Parents Must be Informed of Student’s Privacy Rights
Moreover, parents should be well informed of the risks of placing such a device on their child. The idea of keeping our children safe through the use of technology, inherently clashes with the desire for privacy. The Supreme Court recently looked at the issue of privacy rights with respect to GPS devices in United States v. Jones 132 S. Ct. 945 (2012). In Jones, the Supreme Court Justices agreed that the Defendant accused of drug trafficking was searched when the police attached a Global Positioning System (GPS) device to his car. However, the Court could not come to a decision on what constituted the search. Was it the attachment of the device or was it long-term monitoring. Justice Alito, concurring, argued that the monitoring was a violation of Jones’s reasonable expectation of privacy.
The Court’s landmark decision in Katz v. United States, 389 U.S.347 (1967), altered the focus of the Fourth Amendment from property to privacy rights. The use of GPS and tracking devices both to track a person’s property and themselves, will inevitably lead to future Supreme Court rulings with respect to the expectation of privacy. Specifically, if one voluntarily places a tracking device on themselves, by giving tracking information to a third party, do they still have an expectation of privacy? With each advance in technology, the courts and Congress are asked balance privacy issues. It will take many future cases and statutes to determine what those rights are. With respect to tracking devices on children, parents need to be aware of the risks that placing a device of their child may have.

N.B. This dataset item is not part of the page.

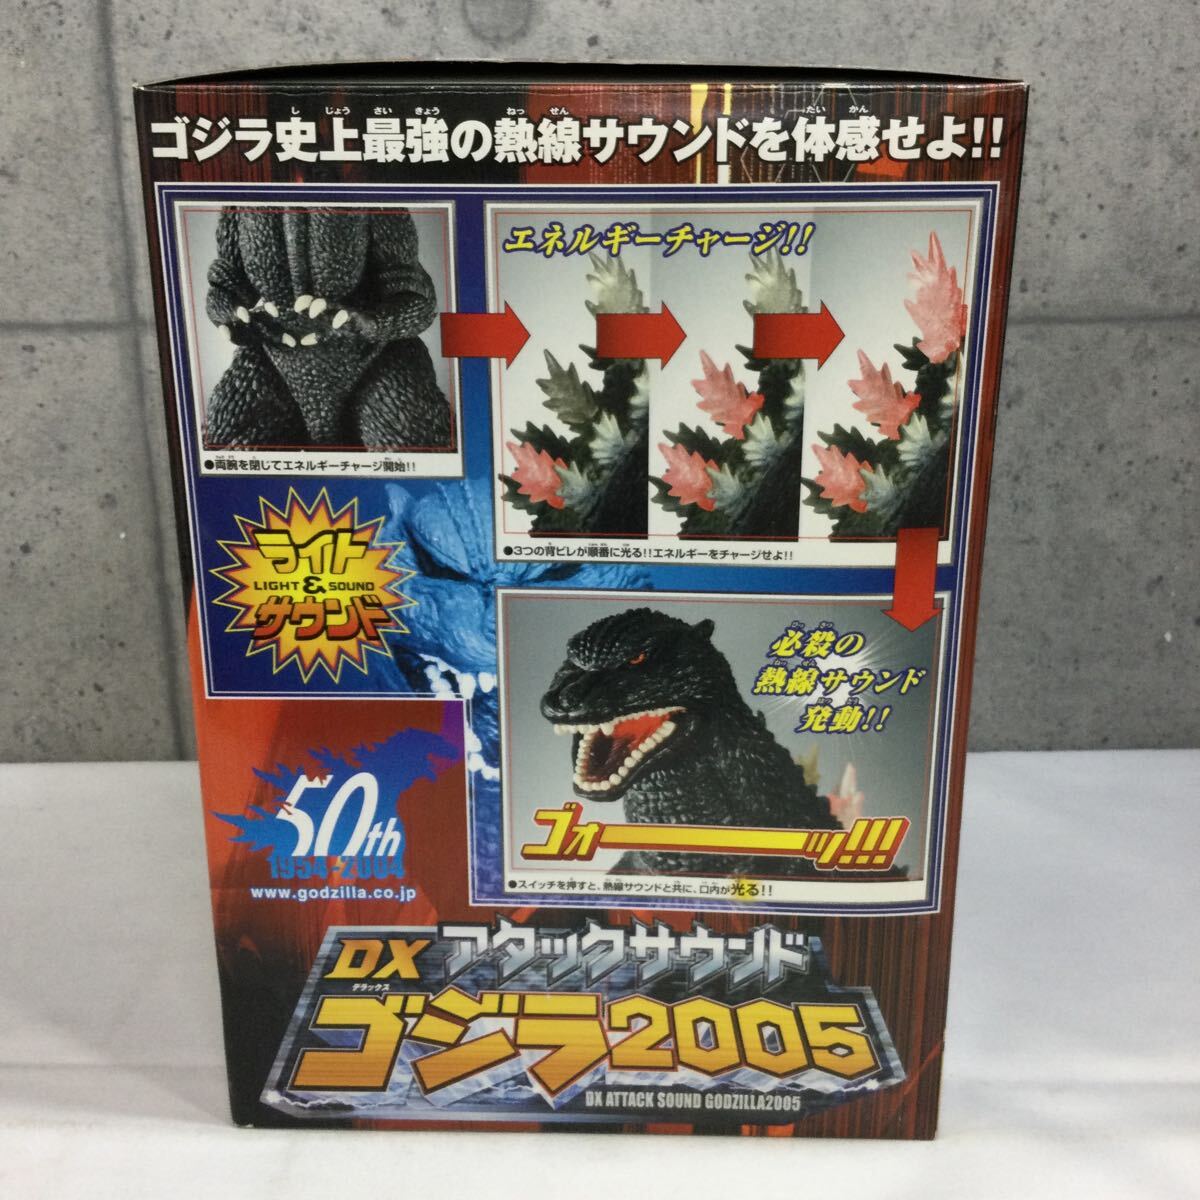 *[BANDAI/ Bandai ]DX attack звук Godzilla 2005 колебание сенсор установка хобби игрушка подлинная вещь почти нераспечатанный не собран * одиночный 4 батарейка ×3 необходимо

The Use of Tracking Devices Should Remain an Individualized Decision
Many parents will argue that the risk of the invasion of privacy is far outweighed by the safety and security they can gain for their child by employing one of these devices. With ever evolving technology and laws, parents need to keep appraised of changes. With the development of a database of information established on children, families need to be aware their information might be shared with other agencies and/or third parties. While these programs may ultimately do more good than harm, parents still need to be mindful regarding the accessibility and availability of their children’s private information.
We support Avonte’s Law as a voluntary protection for children with severe disabilities, but with the strong caveat that legislators must be mindful of privacy concerns. We urge legislators to adopt the law but draft it to maximize privacy protections for our most vulnerable students and absolutely ensure that it is voluntary and that a child only will wear a tracking device if his or her parents provide informed consent. Parents need to carefully evaluate and understand the infringement of privacy for their child and make an informed decision.
In the interim, be proactive with your child. Work with your school district on developing a program . You and your child’s IEP team should evaluate whether your child poses a flight risk and include such information on your child’s IEP as a special alert and in their present levels of achievement and functional performance. Make sure you alert all of your child’s teachers. . Ask about whether your child requires a functional behavioral well as an intervention plan with regard to your child wandering is an extremely important conversation that should be had with the school district.